The schedule of discussions

Conversation with Jindřiška Bláhová, Czech film historian and leading film critic
Věra Chytilová’s 1966 modernist tour de force Daisies (Sedmikrásky) has been considered by Western feminists as a feminist manifesto. Despite the fact that Chytilová insisted that she was not a feminist. How feminist the film really is? How does it manifest the director’s creative energies and style, how the game is changed if we consider that it was a collaborative piece of two women and a man, and how does it relate – in terms of depiction of female agency and perennial topics – to her earlier and later films, namely The Ceiling, The Apple Game and Traps, Traps, Little Traps? A 30 minutes talk will be followed by Q&A.

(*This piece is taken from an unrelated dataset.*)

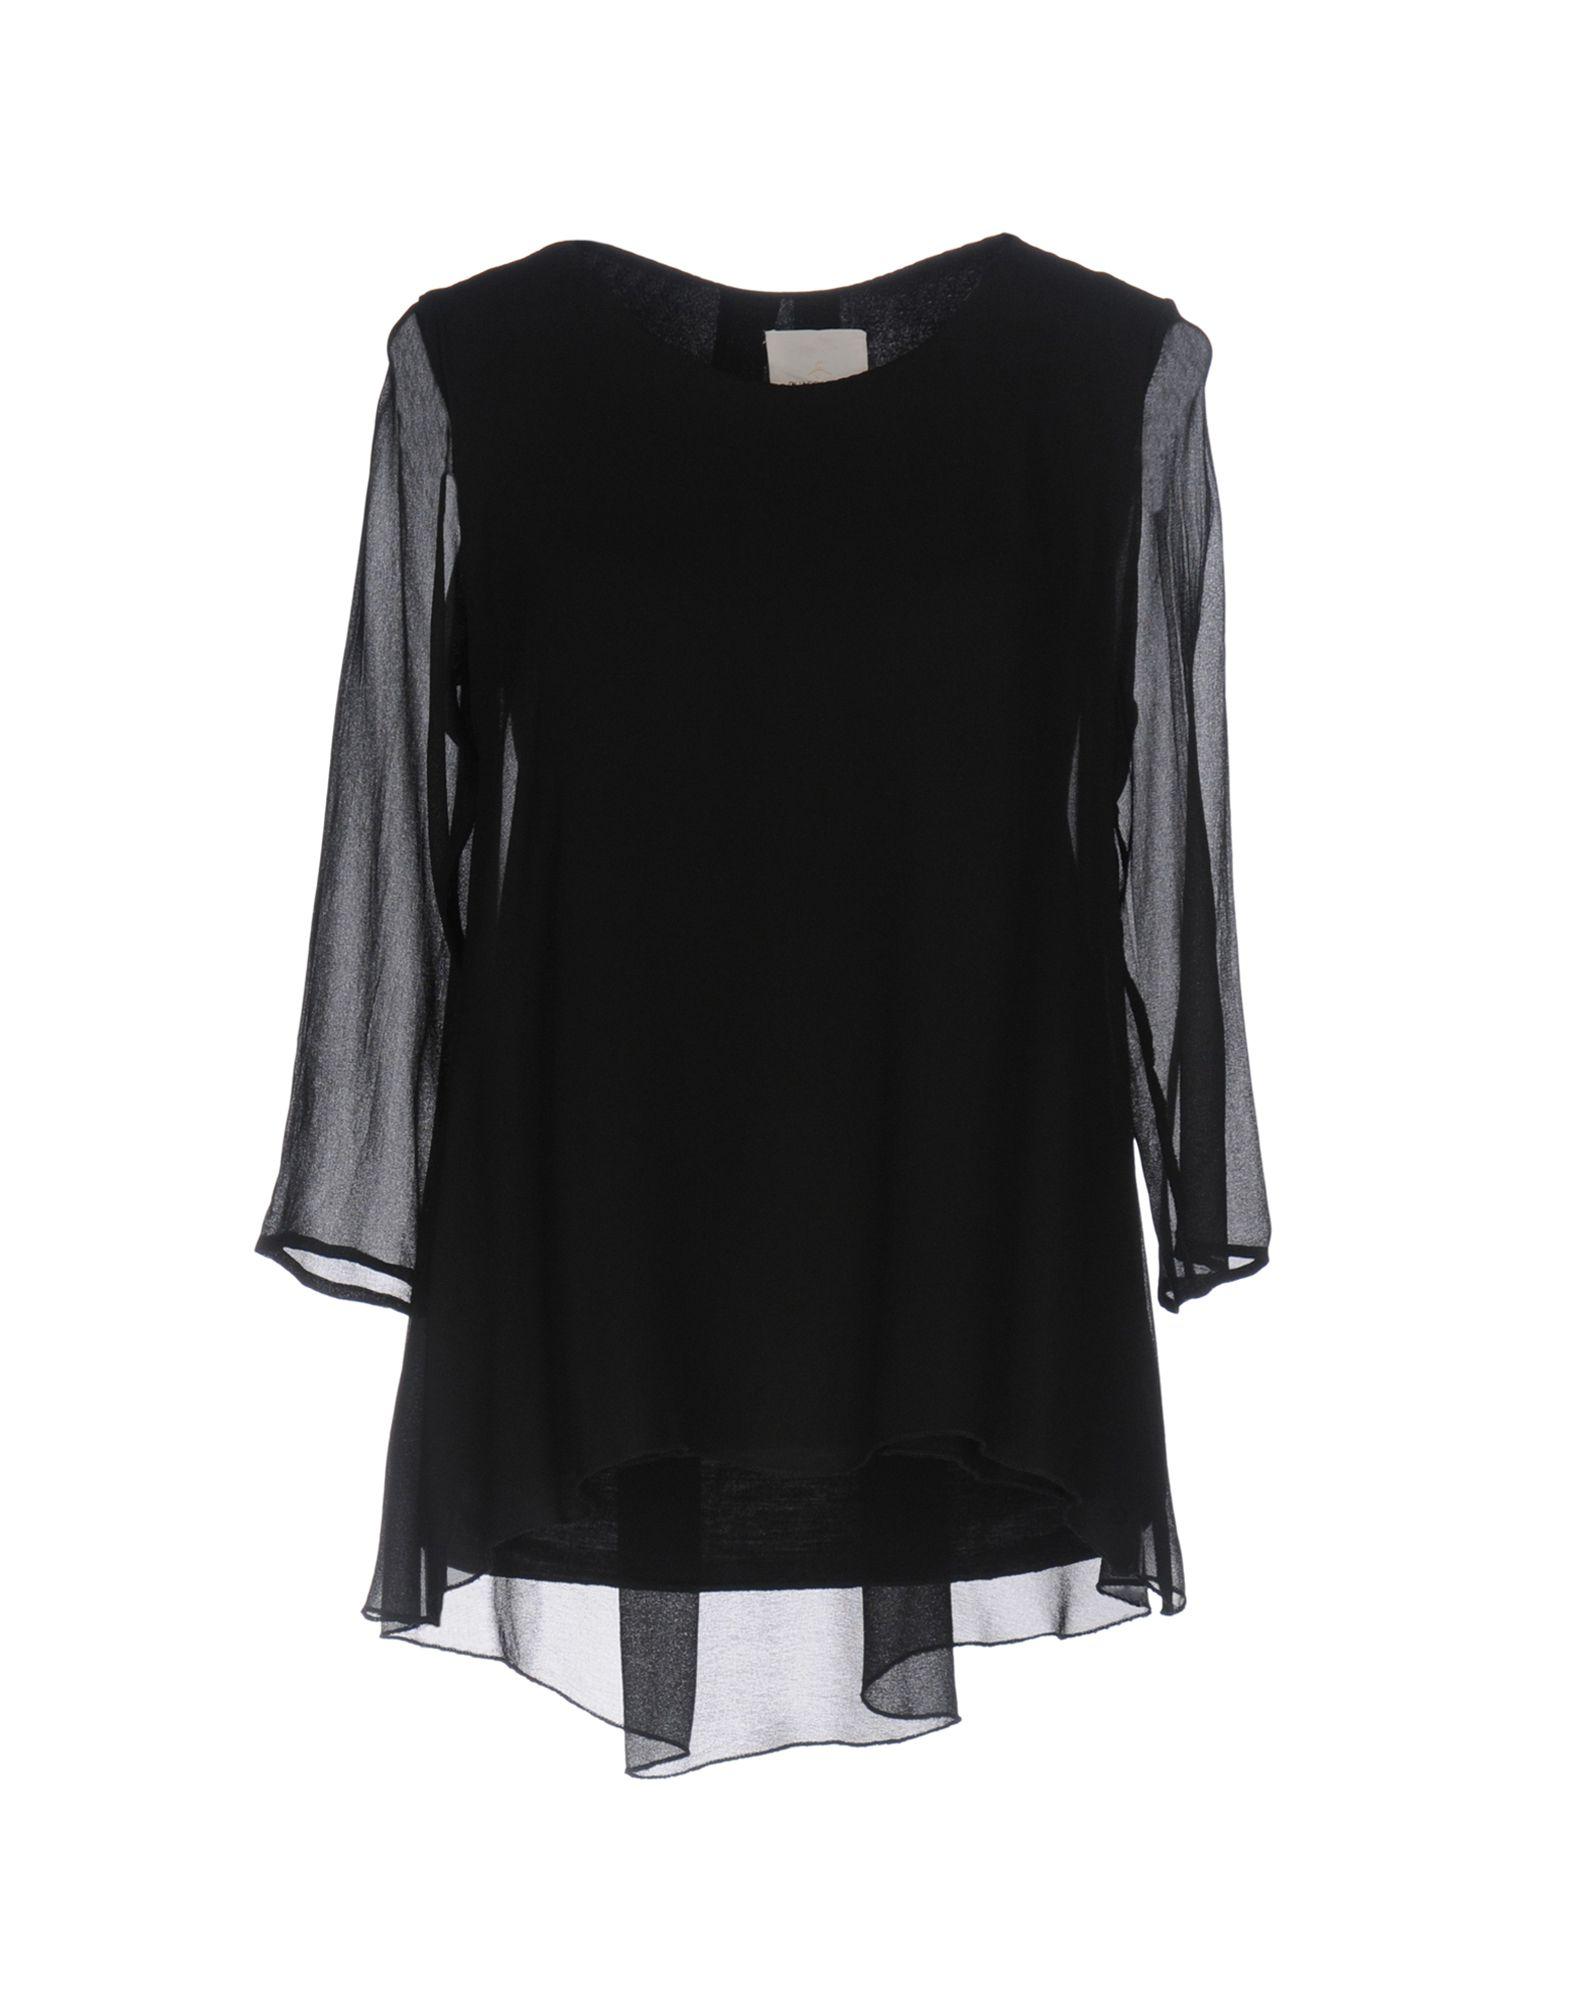 GUARDAROBA by ANIYE BY Damen Bluse Farbe Schwarz Größe 4

Conversation with directors, performers and protagonists of films included in the Possible Utopias program: Arami Ullón, Mihaela Drăgan & Thirza Jean Cuthand (filmmakers) | Arhanghella, Raisa Mihai, Julio Elvisey Pisică & Bianca Varga (performers).
Co-curator of the program Mariam Agamyan will be present at the discussion as well.

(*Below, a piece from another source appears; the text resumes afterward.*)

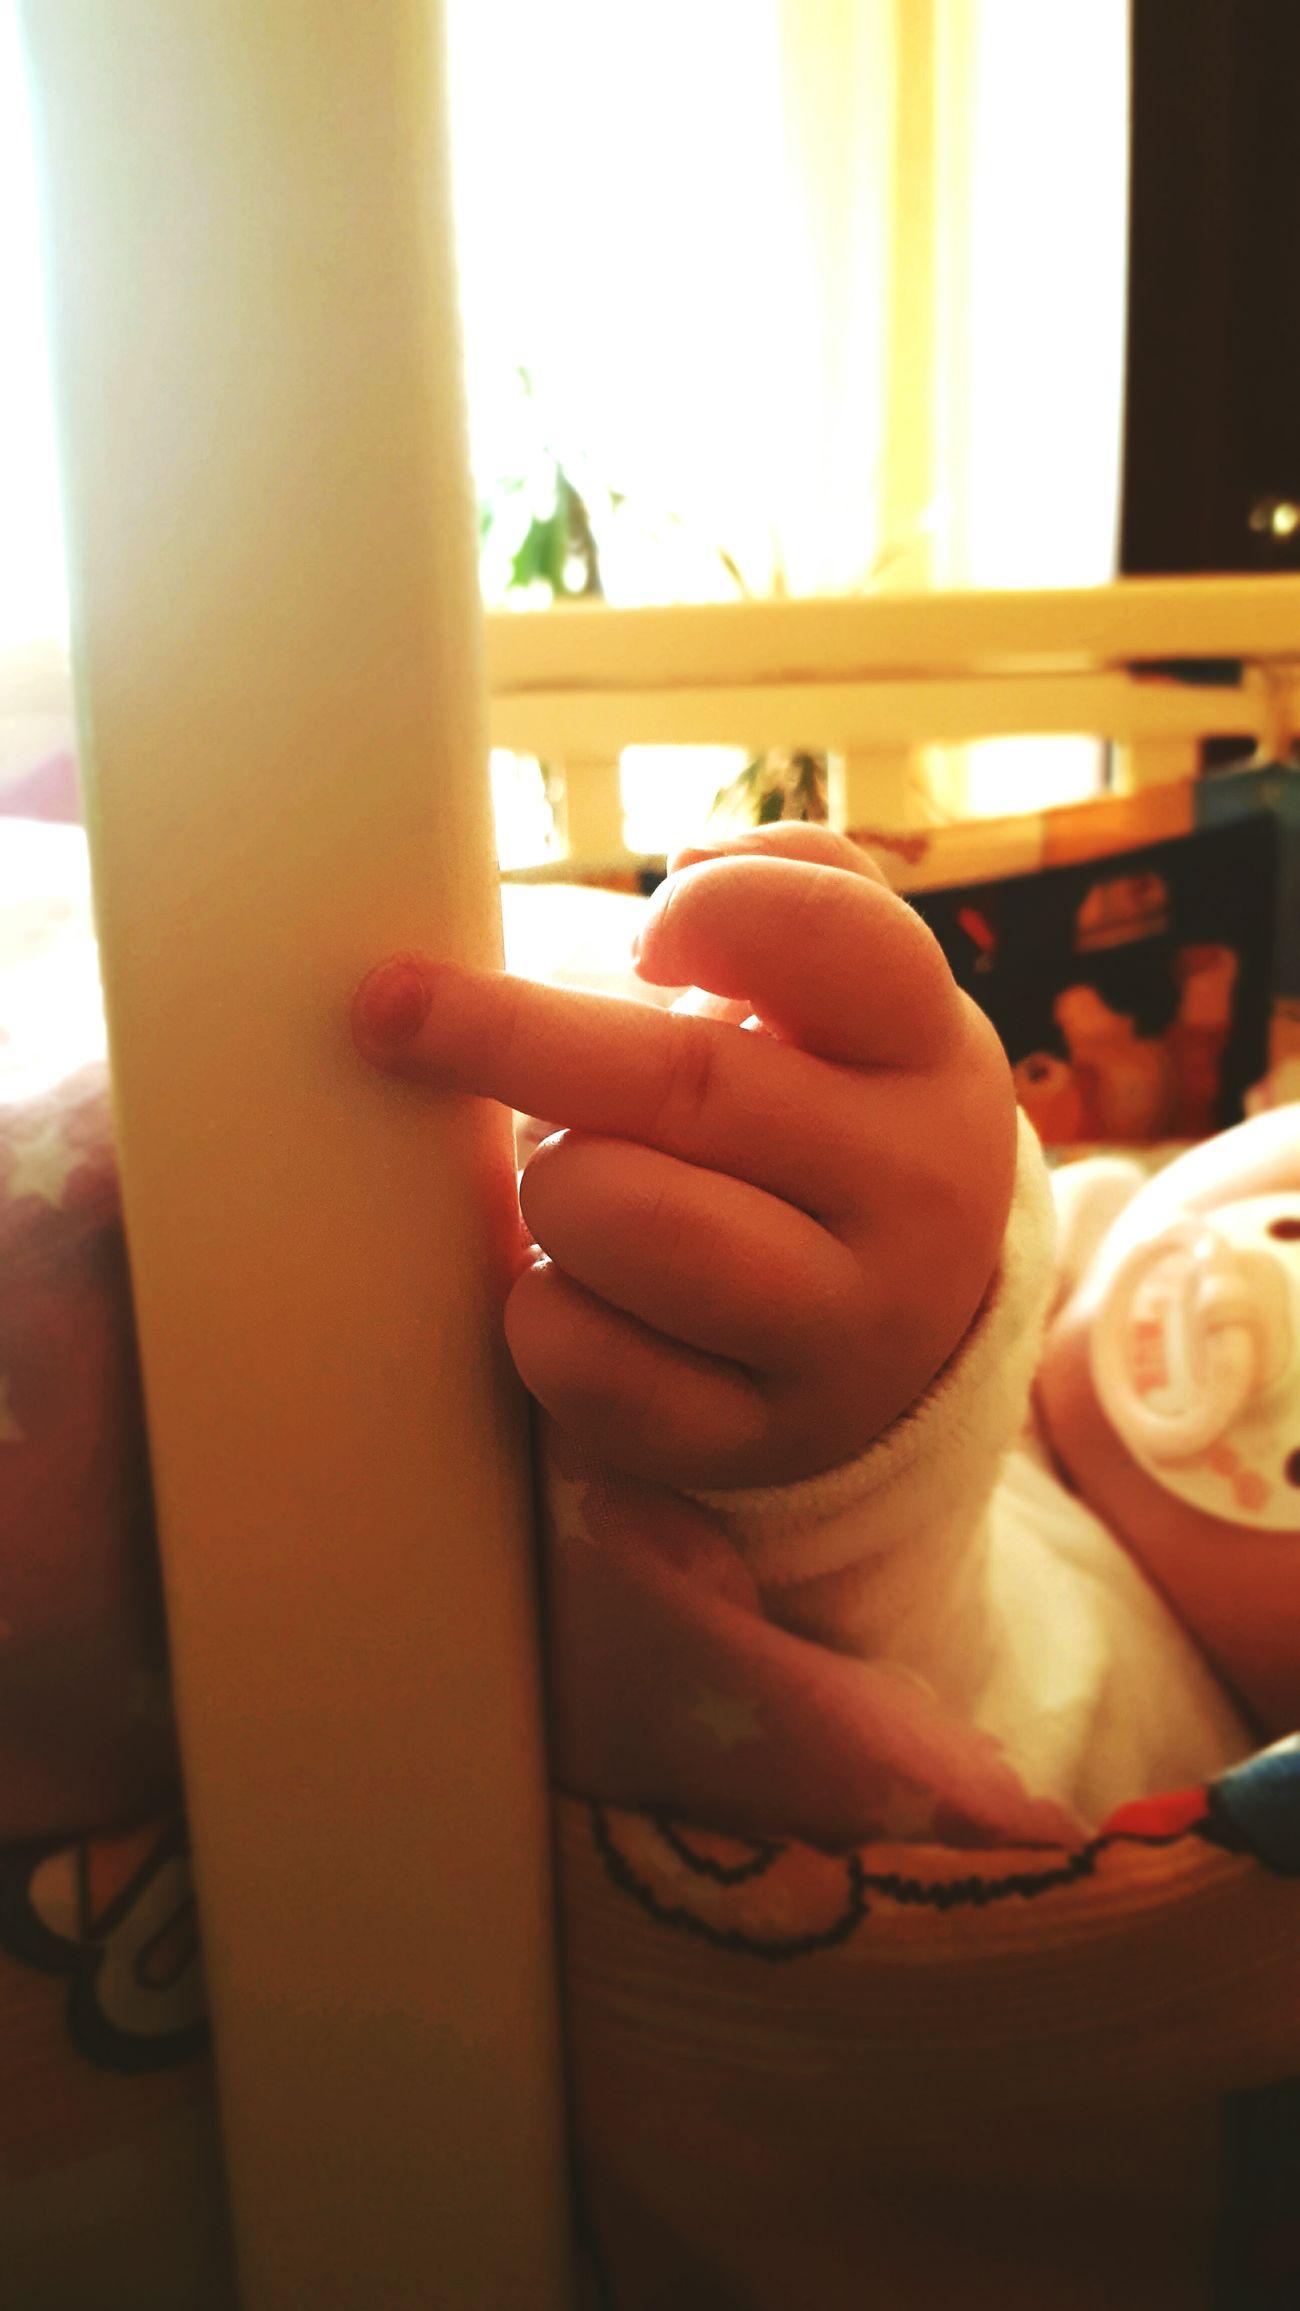 Я ей доча спи а он вот ♡♡♡♡♡

Cinema has long been an unfavorable environment for transgender, non-binary, and gender-nonconforming people. Indulging in the moral panics of the twentieth century, the films often broadcasted offensive stereotypes, dangerous for trans*gender people, while trans*gender people in the film industry were exploited and abused. The modern, of course Western-centric, film industry all too often uses representations of marginalized communities as a PR move and a way to earn social capital. Doing so, it leaves unnoticed the living experiences of the oppressed groups. During the discussion devoted to the "Origins and Echoes" film program, we want to talk with the film directors and the protagonists about the commonalities and differences in the experiences of the transgender, non-binary and gender-nonconforming people in different countries. We will also talk about the role that media and artistic representations play in the social processes, activism and the life of these communities.

The Radical Love programme was created as the Filma collective were looking for films that balance their artistic statements with their political stances. We have put a special focus on the cinema that is sensitive to the filmed subjects, where the directors reflect on their experiences and/or prefer the slow filmmaking defying the notions of commercial and symbolic success within the film industry. The concept of radical love has helped us combine such different films into a single programme without assigning a particular positionality to the directors and their films.